**What you should do:**
Write out, from the entries below, exactly the lines that run between the lines holding "This gorgeous CHANEL" and "According to a", inclusive, and stop there.

**Data records:**
<<<<
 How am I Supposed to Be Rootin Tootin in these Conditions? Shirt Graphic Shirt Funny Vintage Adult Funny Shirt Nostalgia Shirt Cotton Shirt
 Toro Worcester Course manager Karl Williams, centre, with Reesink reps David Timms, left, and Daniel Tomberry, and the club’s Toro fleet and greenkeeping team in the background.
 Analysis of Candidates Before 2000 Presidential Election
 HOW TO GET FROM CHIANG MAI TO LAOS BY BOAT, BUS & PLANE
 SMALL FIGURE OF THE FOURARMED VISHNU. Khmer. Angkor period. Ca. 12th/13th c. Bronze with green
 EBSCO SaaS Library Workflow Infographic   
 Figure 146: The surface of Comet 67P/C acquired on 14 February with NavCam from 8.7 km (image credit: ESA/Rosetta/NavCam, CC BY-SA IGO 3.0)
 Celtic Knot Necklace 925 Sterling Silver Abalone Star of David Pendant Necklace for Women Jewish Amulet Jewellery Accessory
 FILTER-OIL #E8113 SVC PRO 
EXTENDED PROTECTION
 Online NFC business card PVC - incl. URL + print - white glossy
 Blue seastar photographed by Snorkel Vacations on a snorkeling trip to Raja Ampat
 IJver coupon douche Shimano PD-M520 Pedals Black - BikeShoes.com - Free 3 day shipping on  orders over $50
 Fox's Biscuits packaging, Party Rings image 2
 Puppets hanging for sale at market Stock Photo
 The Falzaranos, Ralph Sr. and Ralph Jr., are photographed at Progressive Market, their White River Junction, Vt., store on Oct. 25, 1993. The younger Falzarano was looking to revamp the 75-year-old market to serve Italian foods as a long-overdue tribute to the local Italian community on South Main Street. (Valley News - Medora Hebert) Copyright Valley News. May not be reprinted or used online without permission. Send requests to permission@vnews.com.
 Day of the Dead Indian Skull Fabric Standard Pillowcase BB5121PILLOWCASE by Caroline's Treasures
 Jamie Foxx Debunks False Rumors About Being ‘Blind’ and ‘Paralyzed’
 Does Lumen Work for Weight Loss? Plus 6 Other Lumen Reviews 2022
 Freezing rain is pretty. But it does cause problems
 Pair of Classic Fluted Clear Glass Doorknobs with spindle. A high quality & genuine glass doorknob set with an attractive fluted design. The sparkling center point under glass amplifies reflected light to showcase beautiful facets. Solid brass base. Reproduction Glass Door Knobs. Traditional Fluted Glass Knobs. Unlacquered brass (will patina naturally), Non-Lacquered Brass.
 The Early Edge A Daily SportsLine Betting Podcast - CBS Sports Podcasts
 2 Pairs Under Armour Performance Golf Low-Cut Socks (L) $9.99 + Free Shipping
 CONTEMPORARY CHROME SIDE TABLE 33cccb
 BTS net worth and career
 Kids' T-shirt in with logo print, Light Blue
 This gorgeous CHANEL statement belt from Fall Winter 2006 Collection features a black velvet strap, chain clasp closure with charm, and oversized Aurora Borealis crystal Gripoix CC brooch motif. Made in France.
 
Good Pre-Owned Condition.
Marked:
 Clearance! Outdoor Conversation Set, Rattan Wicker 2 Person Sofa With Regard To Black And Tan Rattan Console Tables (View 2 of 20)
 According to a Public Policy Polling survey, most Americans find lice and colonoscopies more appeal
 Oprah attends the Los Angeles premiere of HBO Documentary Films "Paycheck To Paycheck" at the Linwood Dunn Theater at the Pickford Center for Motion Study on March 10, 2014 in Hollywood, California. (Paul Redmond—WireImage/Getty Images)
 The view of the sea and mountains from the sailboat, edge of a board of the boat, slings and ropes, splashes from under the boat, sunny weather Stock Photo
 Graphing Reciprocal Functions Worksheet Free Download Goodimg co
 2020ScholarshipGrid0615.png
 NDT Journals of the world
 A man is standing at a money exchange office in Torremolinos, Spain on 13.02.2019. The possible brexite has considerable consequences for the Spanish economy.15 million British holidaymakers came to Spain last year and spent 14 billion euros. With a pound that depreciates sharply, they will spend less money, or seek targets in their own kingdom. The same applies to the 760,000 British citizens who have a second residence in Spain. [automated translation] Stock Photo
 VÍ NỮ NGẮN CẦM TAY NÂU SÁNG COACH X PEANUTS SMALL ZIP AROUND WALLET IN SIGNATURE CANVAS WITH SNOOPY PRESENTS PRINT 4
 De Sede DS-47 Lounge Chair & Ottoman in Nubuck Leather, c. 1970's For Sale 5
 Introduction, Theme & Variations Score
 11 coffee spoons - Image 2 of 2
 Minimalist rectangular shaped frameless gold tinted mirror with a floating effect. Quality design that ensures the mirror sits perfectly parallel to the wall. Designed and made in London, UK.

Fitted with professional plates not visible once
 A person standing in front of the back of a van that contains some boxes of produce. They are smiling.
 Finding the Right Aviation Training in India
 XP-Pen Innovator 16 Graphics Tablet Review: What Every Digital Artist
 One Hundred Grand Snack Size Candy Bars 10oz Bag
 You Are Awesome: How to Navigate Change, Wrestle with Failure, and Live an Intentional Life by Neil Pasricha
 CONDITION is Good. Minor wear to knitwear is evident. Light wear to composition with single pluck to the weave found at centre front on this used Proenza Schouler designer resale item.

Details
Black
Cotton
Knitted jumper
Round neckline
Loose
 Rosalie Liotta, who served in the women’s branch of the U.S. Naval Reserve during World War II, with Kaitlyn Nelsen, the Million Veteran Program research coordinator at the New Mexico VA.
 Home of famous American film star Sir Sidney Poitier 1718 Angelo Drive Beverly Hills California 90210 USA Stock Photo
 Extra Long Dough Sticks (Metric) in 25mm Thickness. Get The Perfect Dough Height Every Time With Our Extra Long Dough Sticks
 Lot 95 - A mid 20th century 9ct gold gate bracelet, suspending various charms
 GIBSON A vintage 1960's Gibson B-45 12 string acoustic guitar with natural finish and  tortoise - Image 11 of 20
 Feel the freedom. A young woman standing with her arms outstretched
>>>>
**Your solution:**
 This gorgeous CHANEL statement belt from Fall Winter 2006 Collection features a black velvet strap, chain clasp closure with charm, and oversized Aurora Borealis crystal Gripoix CC brooch motif. Made in France.
 
Good Pre-Owned Condition.
Marked:
 Clearance! Outdoor Conversation Set, Rattan Wicker 2 Person Sofa With Regard To Black And Tan Rattan Console Tables (View 2 of 20)
 According to a Public Policy Polling survey, most Americans find lice and colonoscopies more appeal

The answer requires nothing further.